The site of Huayna Capac's palace of Quispiguanca consisted in the early 21st century of a modern cemetery and fields of carrots and cilantro. The archaeological remains consist of a terrace, a well—preserved wall, gatehouses on the east side of the site, and several structures in poor condition in the northern third of the site. Most of the construction is of fitted stonework, although some adobe and plaster were also used.
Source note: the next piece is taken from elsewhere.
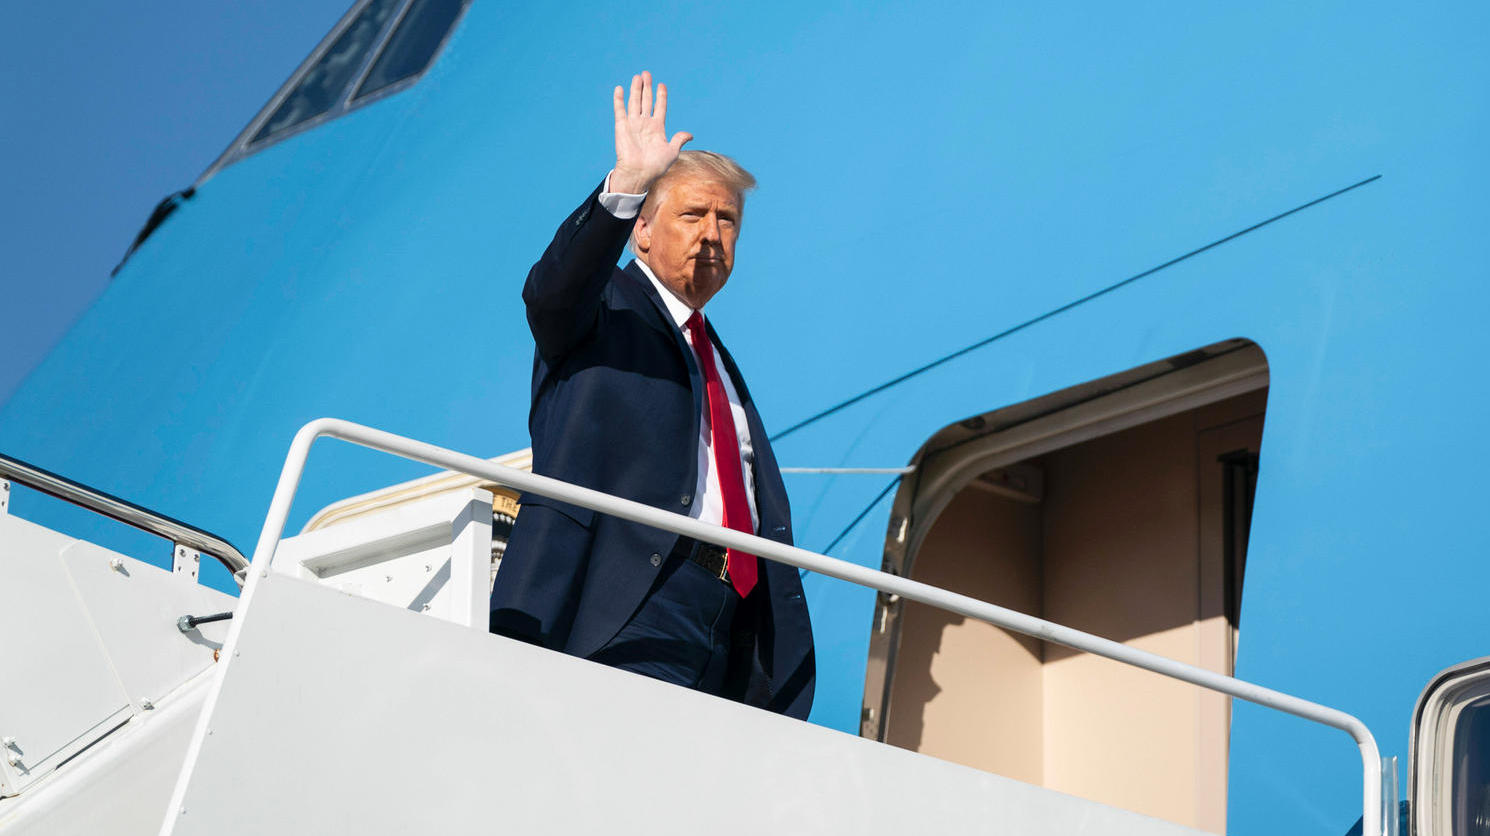 Trump "flieht" mit der Air Force One nach Florida

The original palace compound was rectangular and measured within its walls 189 m north-south and 125 m east-west. A terrace about 4 m in height leveled the area within the walls. The northernmost part of the compound consists of agricultural terraces and the stone foundation of a great hall, measuring 14 m by 44 m. A similar great hall existed nearby, along with associated smaller buildings. The central part of the compound is a large open plaza, comprising the majority of the area of the site, with a large white rock near its center. The rock possibly had religious significance, and a small Catholic chapel at the exact center of the plaza may overlay an Inca religious structure.

==Spanish rule==
The Spanish conquistador of the Inca Empire, Francisco Pizarro, appropriated the estate of Huayna Capac as his encomienda in the 1530s. The inhabitants of the estate worked thereafter for Pizarro, contributing at first their labor as they had during the reign of Huayna Capac and later a fixed amount from their agricultural production. After Pizarro was killed in 1541, a Cañari Indian named Francisco Chilche claimed to be the overlord (cacique) of much of the land of the Quispiguanca estate. He fended off Indian rivals and the claims of Spaniards who sought land in the valley. (The Cañari had been allies of the Spanish during the overthrow of the Inca Empire and thus had legal standing with the Spanish.) Chilche continued to be important into the 1570s when he recruited 500 Indian soldiers to fight with the Spanish in their war against the last Inca, Tupac Amaru.

The population of Quispiguanca declined rapidly during the Spanish period due to the ravages of European diseases and civil wars. In 1551, the population of the estate was 800 people, compared to 2,000 mitma families settled there during Huayna Capac's reign.